Zimbabwe’s highest total of series fails to prevent 61-run defeat in final ODI
Zimbabwe put up a valiant fight and posted its highest total of the series. But that couldn’t prevent another loss to Bangladesh, which won the third One-Day International at the Sher-e-Bangla stadium by 61 runs to sweep the series 3-0.
Imrul Kayes, Tamim Iqbal and Mahmudullah all scored half-centuries as Bangladesh, after choosing to bat, posted 276 for 9 in Mirpur on Wednesday (November 11). Then Zimbabwe, despite a couple of jitters, charged forward in its chase through Sean Williams, who scored a half-century, and Elton Chigumbura. But Mustafizur Rahman was once again amongst the wickets, taking 5 for 34, as Bangladesh chipped away to secure victory after bowling Zimbabwe out for 215.
Tamim and Kayes put up a solid foundation for Bangladesh, adding 147 in their opening partnership. Kayes, coming in on the back of 76 in the second ODI after being included in place of Shakib Al Hasan, led the charge, hitting six fours and four sixes during his 95-ball 73 in an aggressive show of batsmanship.
At the other end, Tamim was more or less his equal in terms of run-scoring. Zimbabwe toiled for nearly 30 overs as the two piled on the runs, but it finally had the breakthrough when Sikandar Raza deceived Kayes in flight and had him stumped. Tamim was dismissed in the same fashion shortly thereafter for a 98-ball 73, Graeme Cremer prompting him out of the crease to claim his scalp. And when Mushfiqur Rahim (28) followed suit three overs later, Zimbabwe had something of an opening, with Bangladesh on 190 for 3.

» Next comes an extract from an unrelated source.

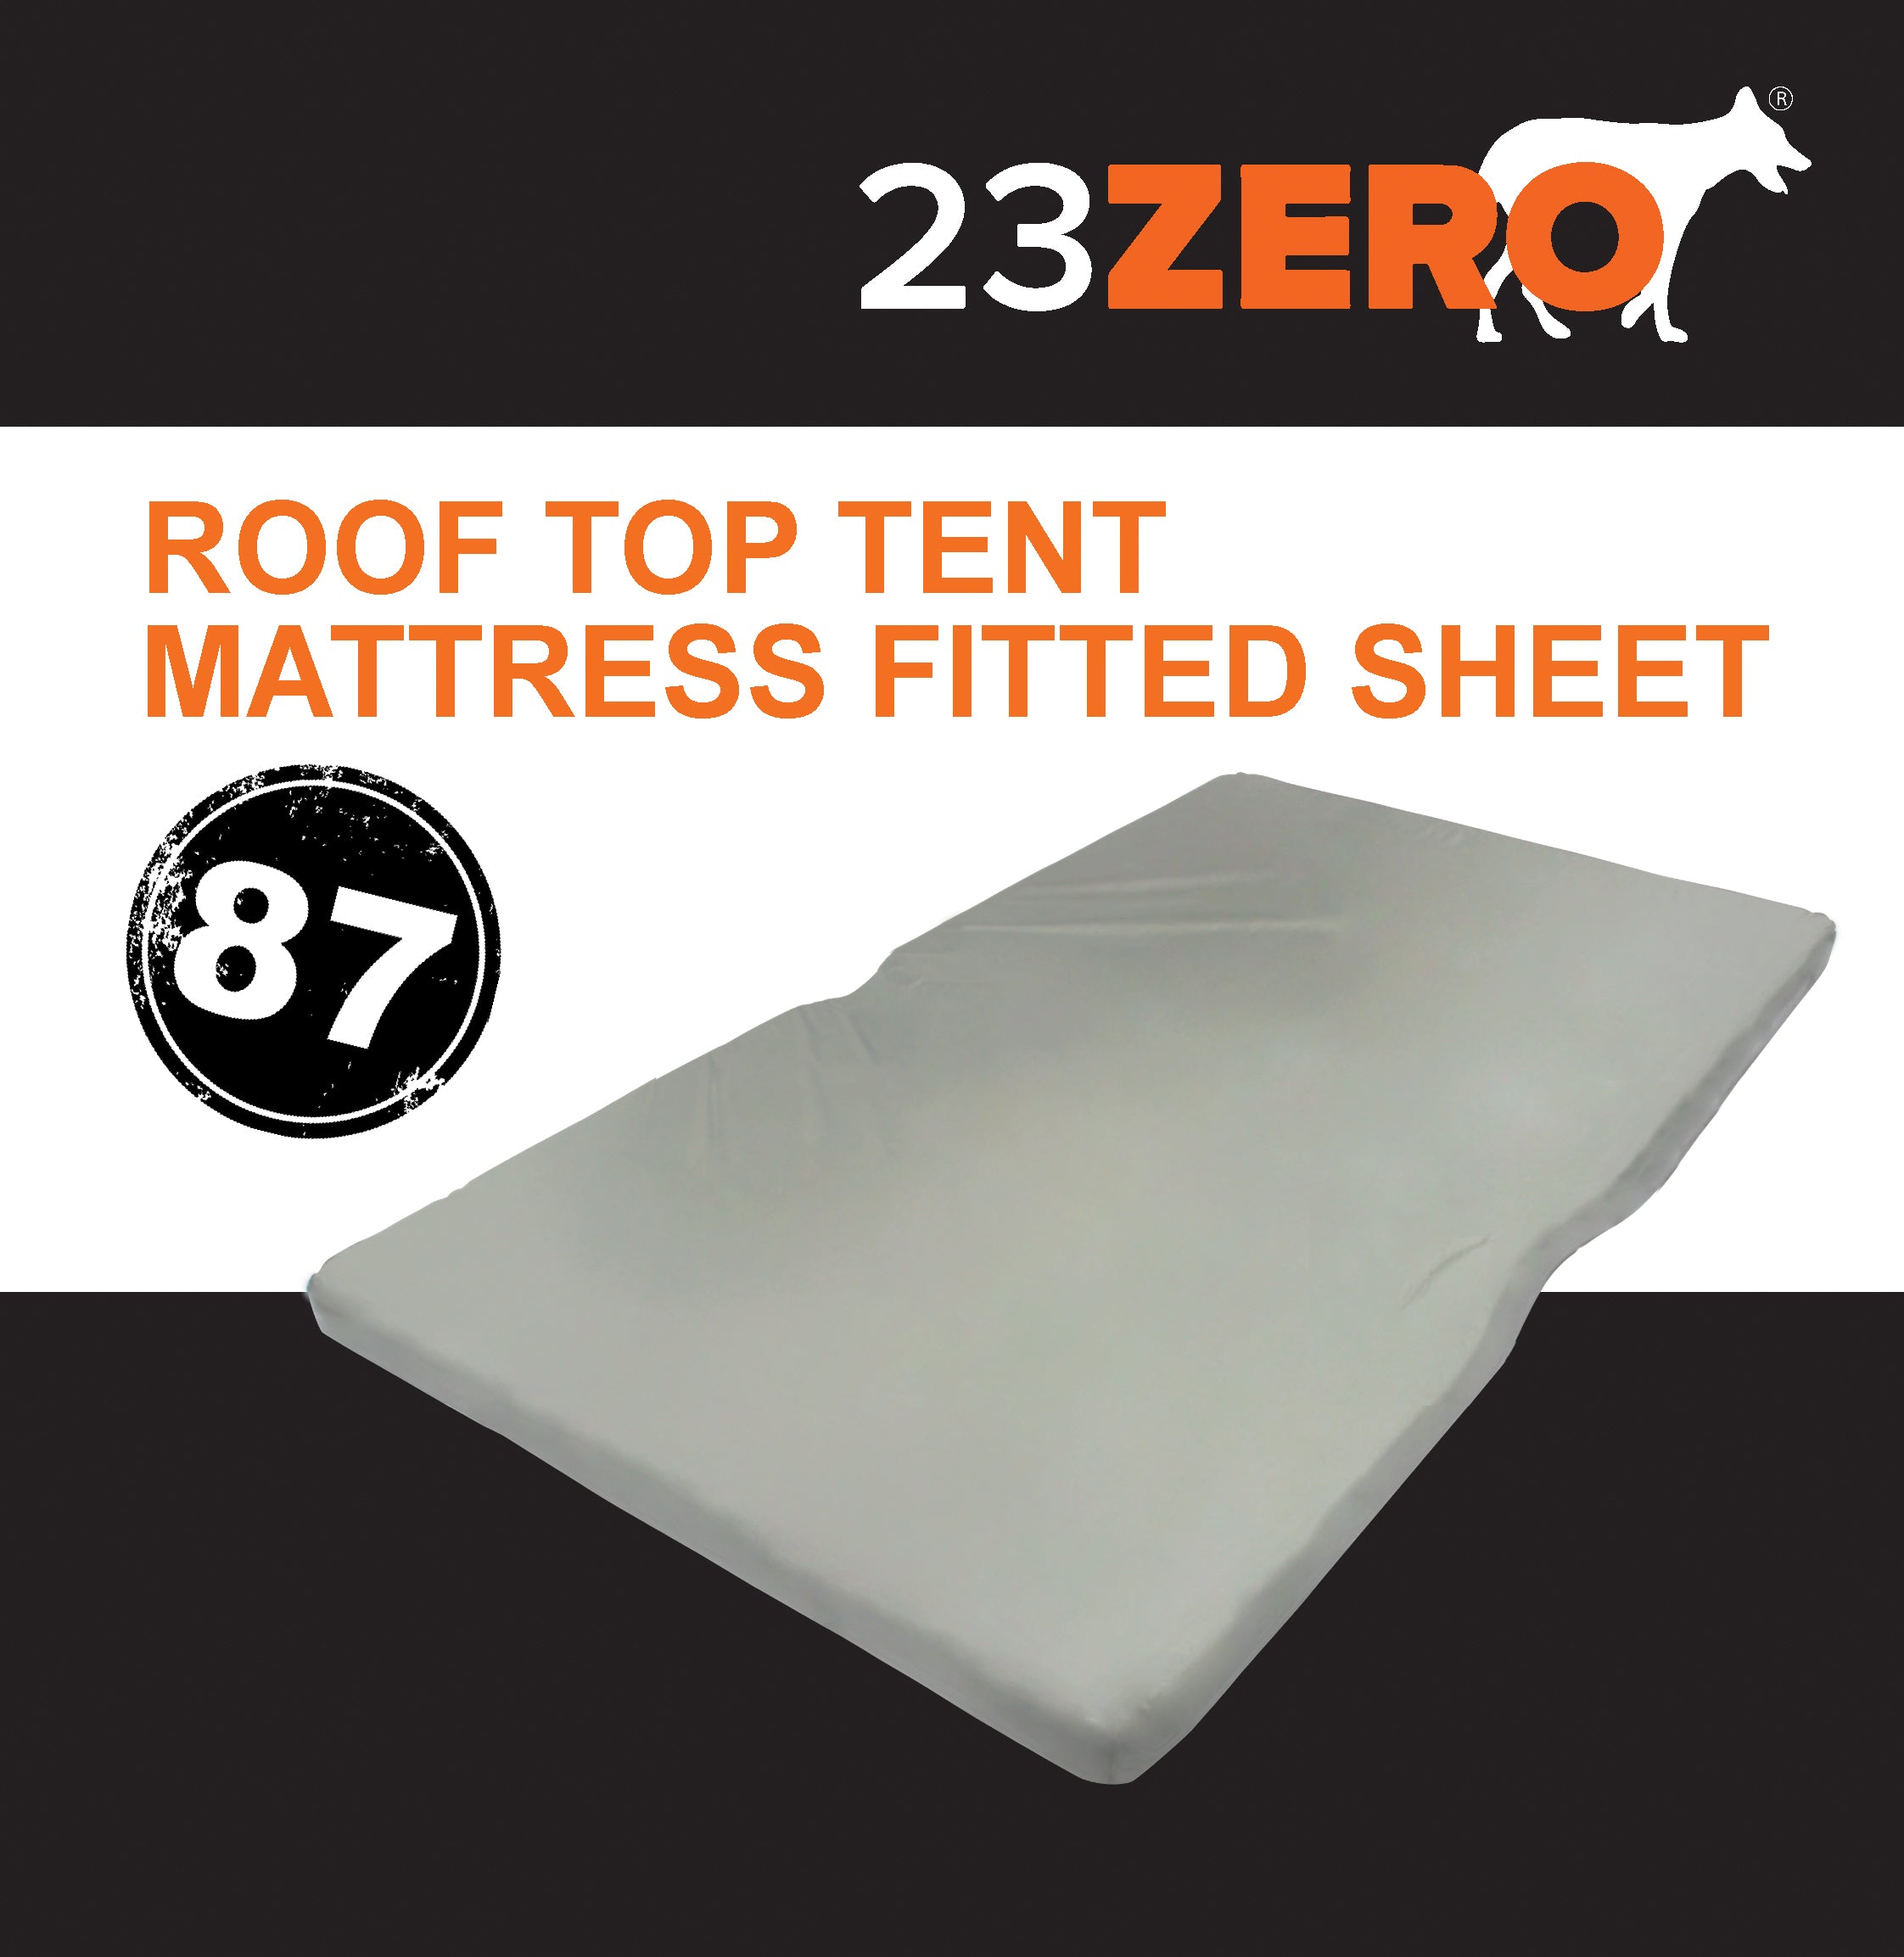 23Zero Roof Top Tent Mattress Fitted Sheet 87"

Thereafter, Mahmudullah led a solo charge even as wickets fell at the other end. Cremer dismissed Liton Das for 17, and then took two catches at point off Luke Jongwe in the same over to send back Sabbir Rahman and Nasir Hossain.
All the while, Mahmudullah was on a scoring spree. There was real danger of Bangladesh wasting its good foundation, but Mahmudullah smashed five fours and a six in a rapid 40-ball 52, capitalising on a reprieve he got when he was on 32. He had walked assuming he was run out, but replays confirmed Regis Chakabva, the Zimbabwe wicketkeeper, had dislodged the bails before receiving the ball. Mahmudullah was called back.
He was eventually dismissed in the final over, run out legally this time, his efforts having helped Bangladesh to a total that eventually proved too much for Zimbabwe.
The visitor did put up a fight, especially given its batting problems over the past few series. But its start was jittery. Chamu Chibhabha was dismissed in the very first over, and though Chakabva and Craig Ervine put on a 39-run stand for the second wicket to steady the innings, the two fell in quick succession to leave Zimbabwe tottering at 47 for 3.
It was then that Williams and Chigumbura joined forces. Ahead of the match, Chigumbura had spoken of the need to “spend time in the middle adjust to the wicket”. And that is what they did. They associated for 80 runs for the fourth wicket, and though there were few boundaries – Chigumbura was the aggressor between the two – they rotated strike and ran the ones and twos well to keep the scoreboard moving on a healthy clip.
The breakthrough came out of nowhere. Sabbir sent in a quicker delivery, Chigumbura failed to connect with his whip and was bowled for a 47-ball 45. However, Malcolm Waller then did well to prevent a possible slide, and provided able support to Williams. The two had added 59 when Waller was sent back by Al-Amin Hossain for a 40-ball 32, his drive finding a fielder at cover.
Williams fell in the next over, miscuing one off Mashrafe Mortaza to depart for an 84-ball 64, and the sting was taken out of the chase. Mustafizur soon ran through the tail to complete a five-wicket haul, as Zimbabwe was bowled out in 43.3 overs.